En el museo de la vida los años nobles custodian la memoria digna, aquella que, en una dimensión espiritual, halló la salida hacia el asombro infinito, envuelta en una maravillosa sensación de plenitud.
Allí, en ese silencio mayor, se observa al tiempo, taciturno, enamorado del pretérito, como un duende del camino que merodea la fantasía, la palabra blanca que insinúa moralejas y la caricia misteriosa de los recuerdos.
Las ideas supremas hacen una ronda de emotivo testimonio, se asoman al pensamiento con la sabiduría secreta de los mitos y las leyendas, plenas de esa luz excelsa que inspiró a los pensadores.
La nada, también, cree haber encontrado su hogar y se aloja con su juego de saberes, cultiva los instantes de inspiración y sugiere anhelos para ascender al milagro expectante y repasar nostalgias bonitas.
Es la perfección madurando la cosecha en el modelo perfecto, el universo, arquetipo de lo inmortal, instante cumbre del círculo del retorno, casa -a su vez- del museo, eco del horizonte ideal.

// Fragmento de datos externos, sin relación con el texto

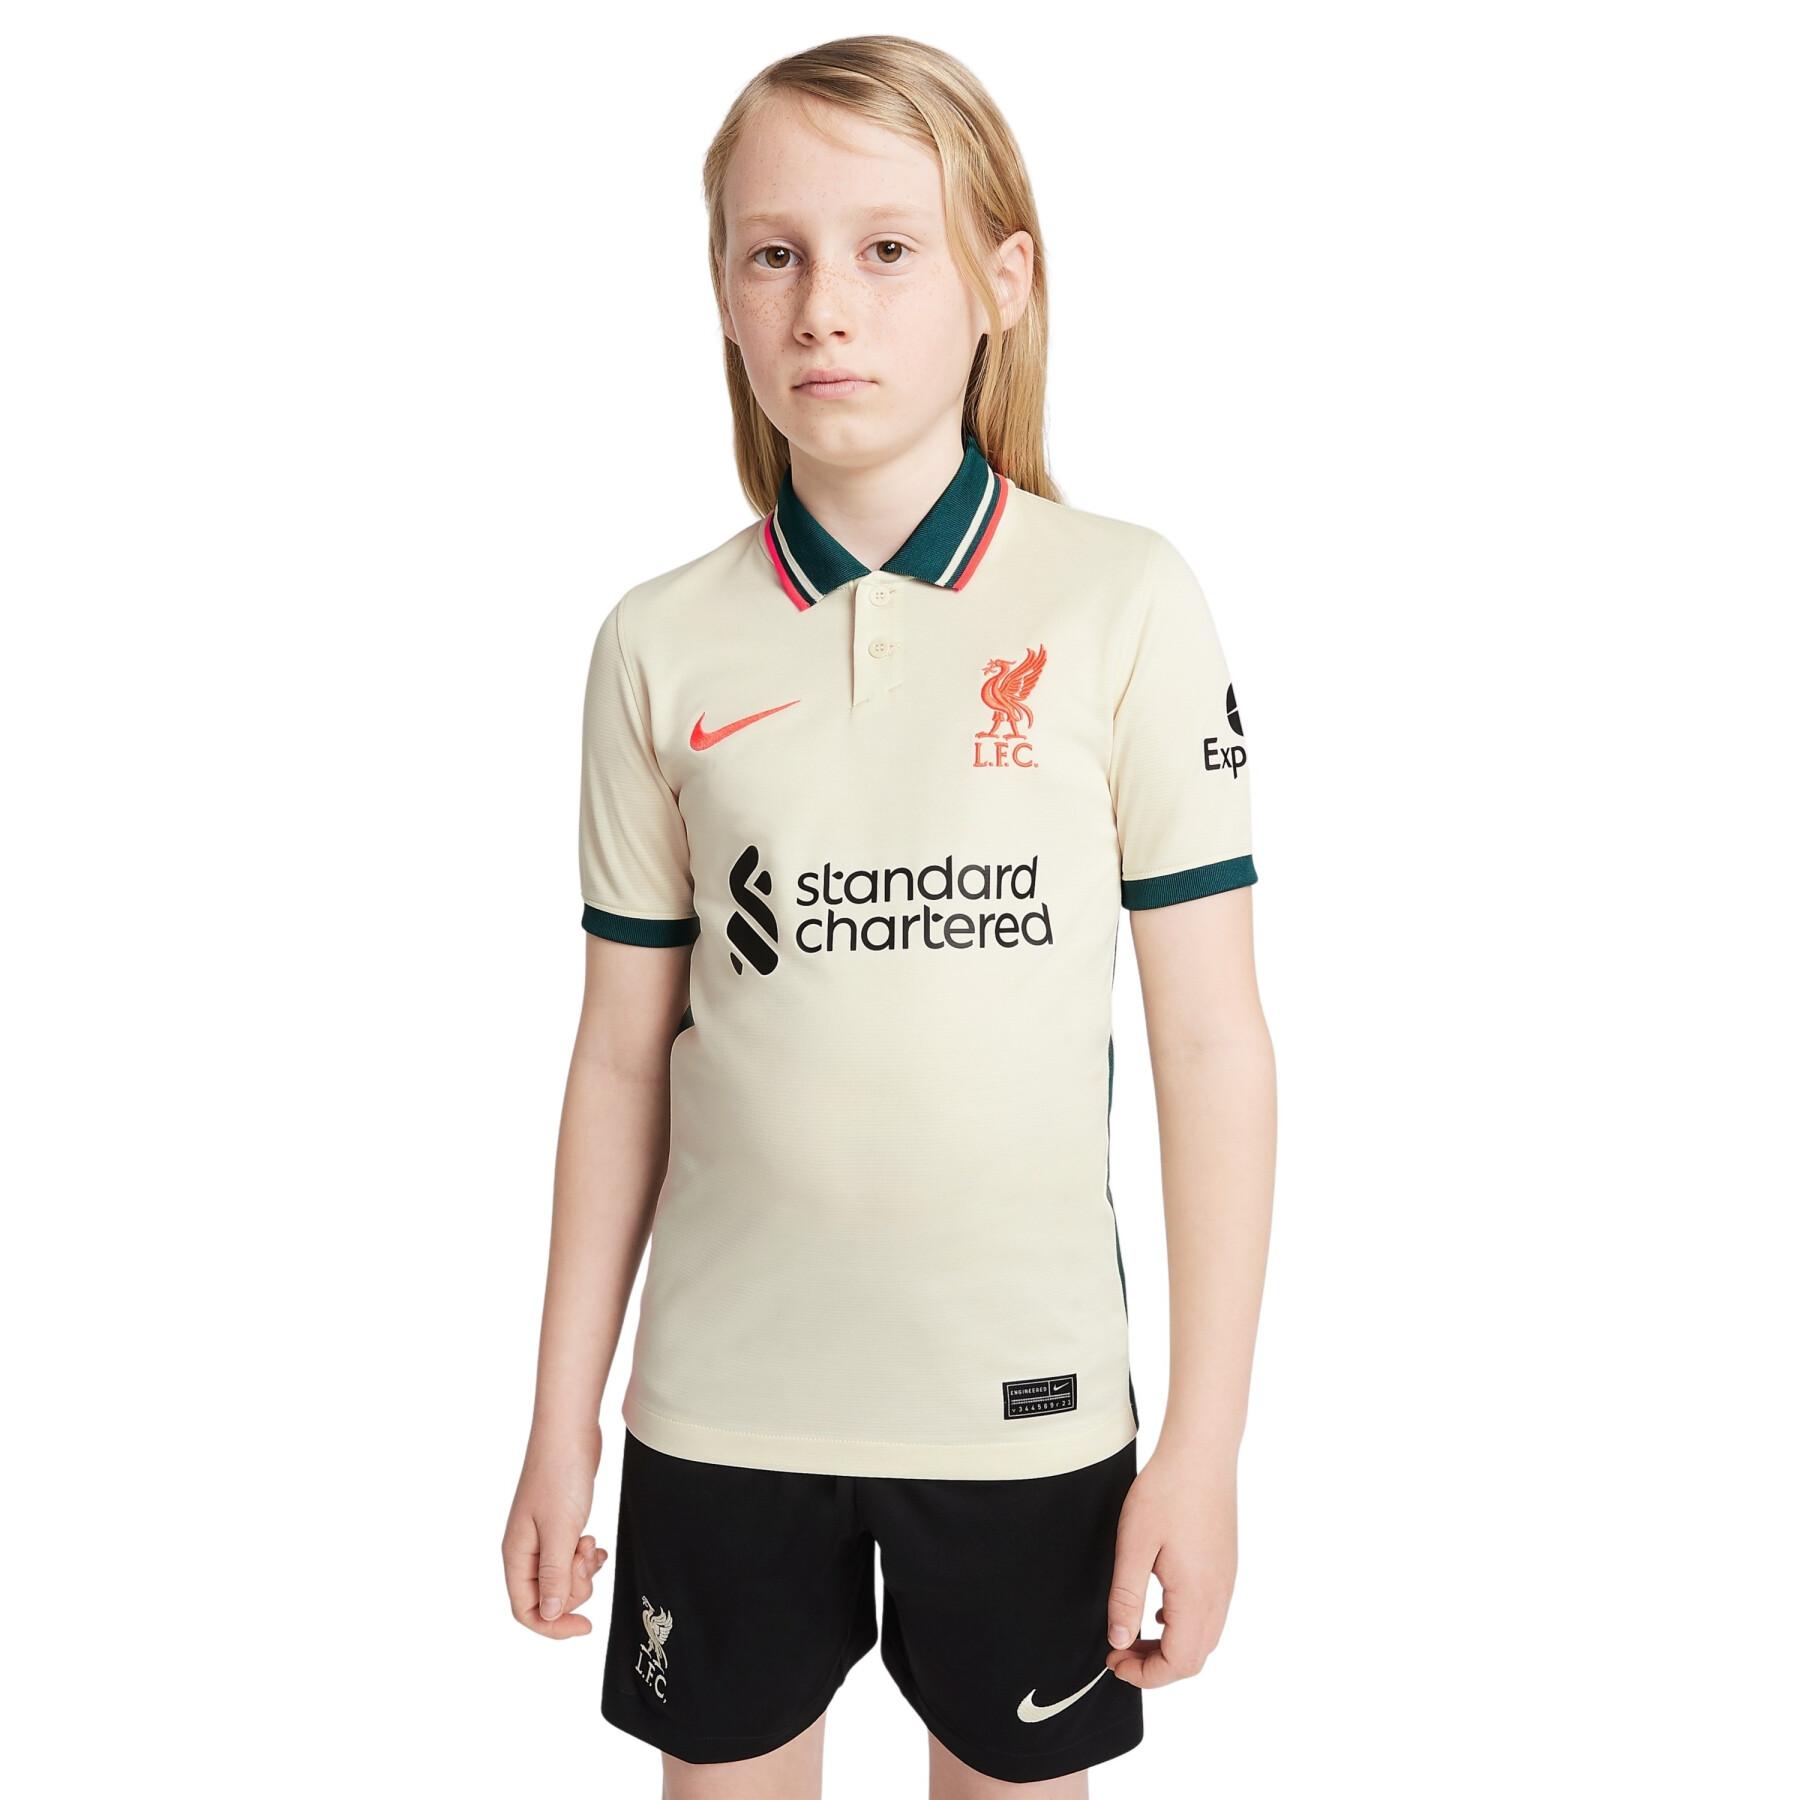 Children's outdoor jersey Liverpool FC 2021/22

Si la historia de la humanidad se apropia de esa reserva metafísica
y se acoge a la benevolencia del destino, la sensatez vendrá lentamente, sin forzar, ni perseguir y hará converger los sueños a la secuencia natural de la armonía, a la fuente primorosa de la causalidad.
Entonces la sombra azul de la esperanza paseará por el aire, como un colibrí subyugado por la flor, o una mariposa suspendida en sus propios colores.